■ Data block
□ □ □

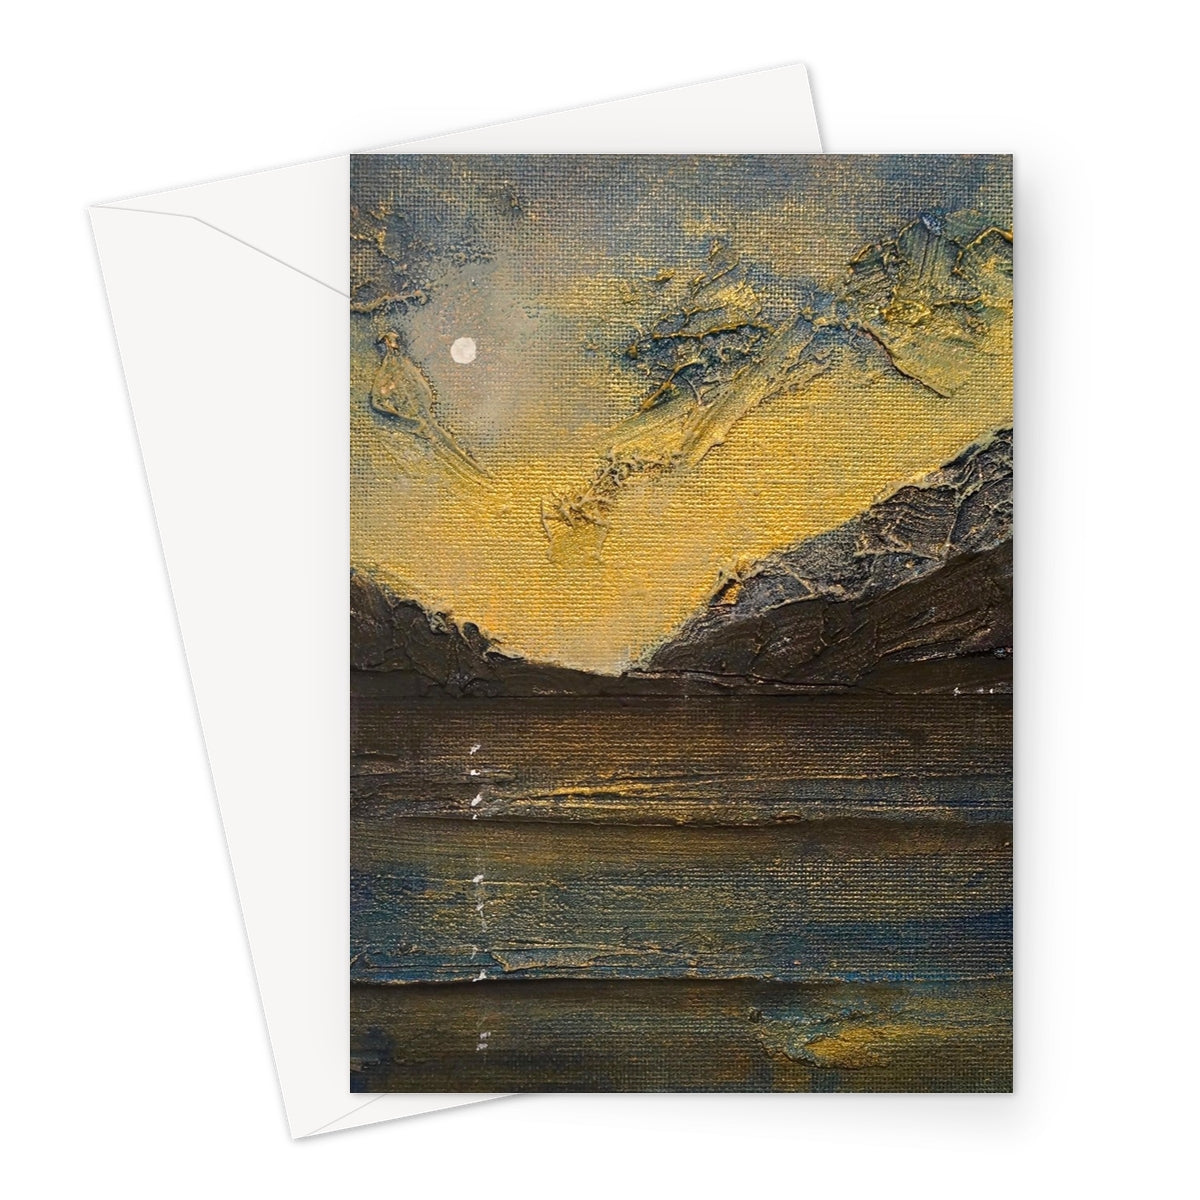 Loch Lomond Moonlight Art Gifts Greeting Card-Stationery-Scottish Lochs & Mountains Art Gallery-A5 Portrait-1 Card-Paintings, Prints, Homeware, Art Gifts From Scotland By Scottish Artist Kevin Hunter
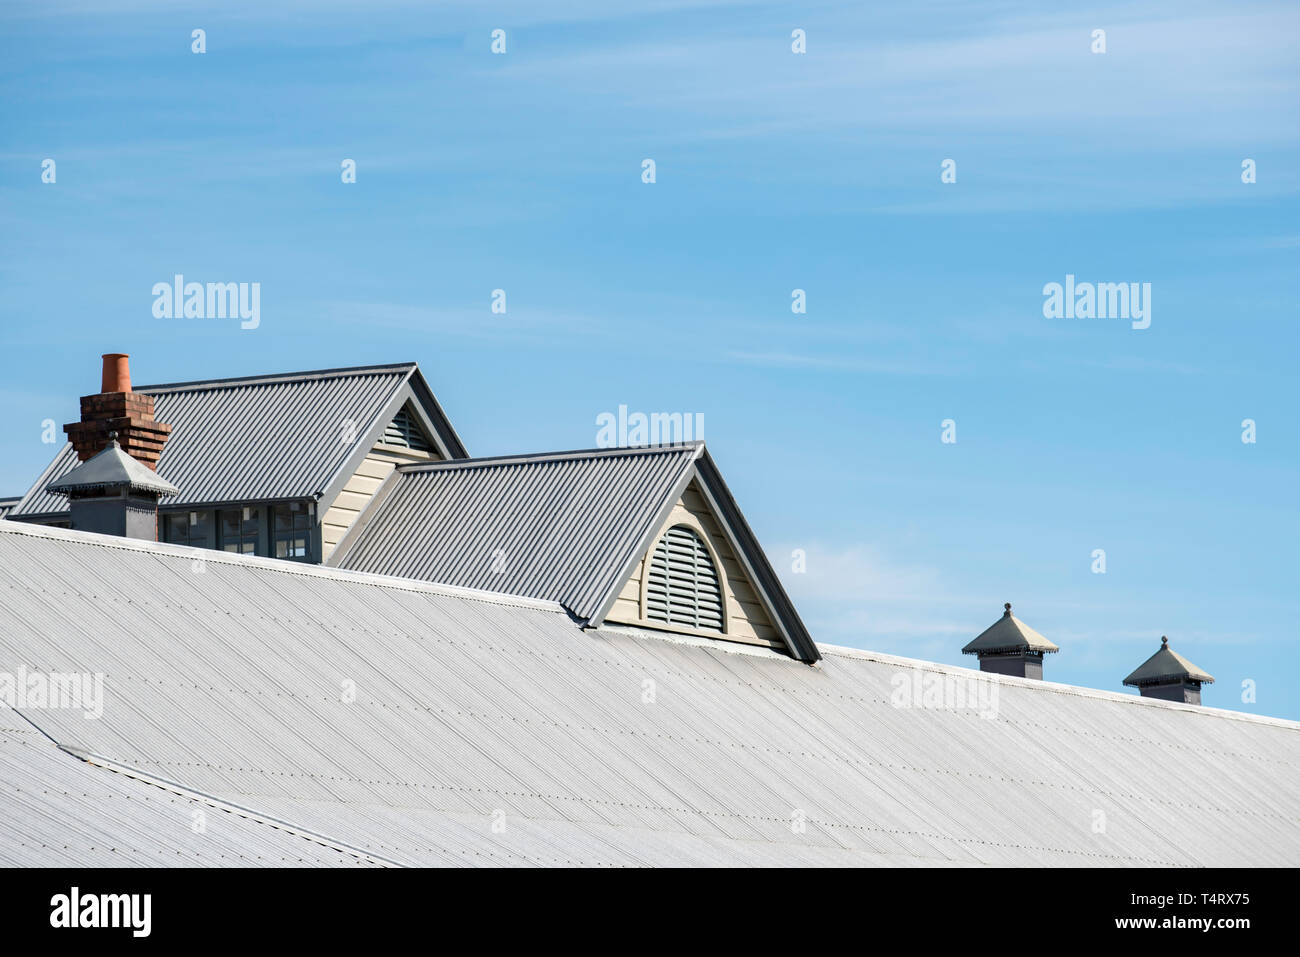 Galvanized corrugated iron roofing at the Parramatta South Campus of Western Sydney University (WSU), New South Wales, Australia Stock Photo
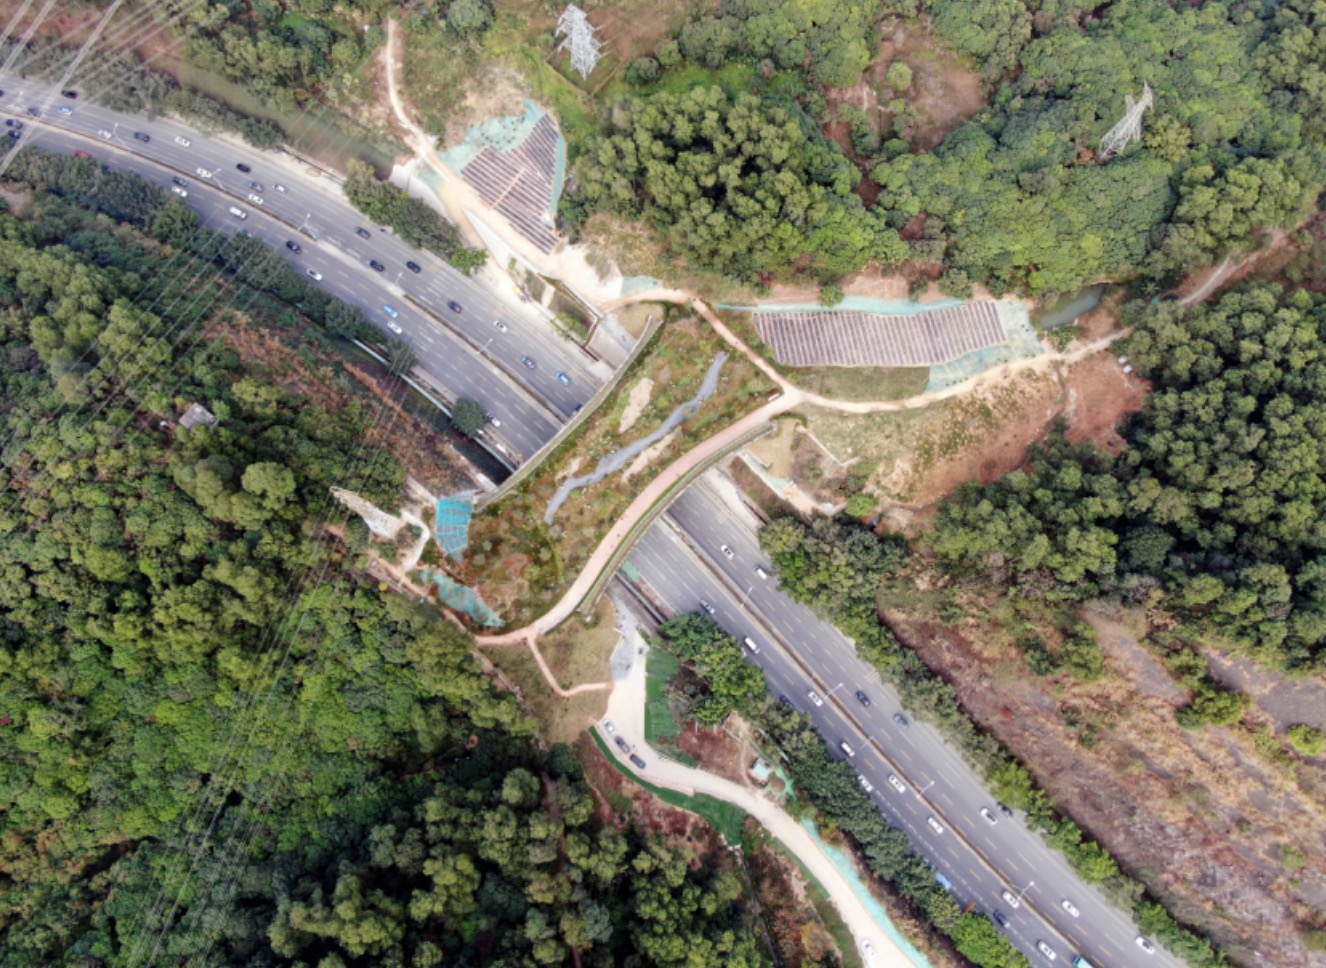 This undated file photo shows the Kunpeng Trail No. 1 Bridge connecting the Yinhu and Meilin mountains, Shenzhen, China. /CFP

□ □ □

■ What this task involves
Print out the material verbatim, skipping pictures.

■ Result for this exercise
 Loch Lomond Moonlight Art Gifts Greeting Card-Stationery-Scottish Lochs & Mountains Art Gallery-A5 Portrait-1 Card-Paintings, Prints, Homeware, Art Gifts From Scotland By Scottish Artist Kevin Hunter
 Galvanized corrugated iron roofing at the Parramatta South Campus of Western Sydney University (WSU), New South Wales, Australia Stock Photo
 This undated file photo shows the Kunpeng Trail No. 1 Bridge connecting the Yinhu and Meilin mountains, Shenzhen, China. /CFP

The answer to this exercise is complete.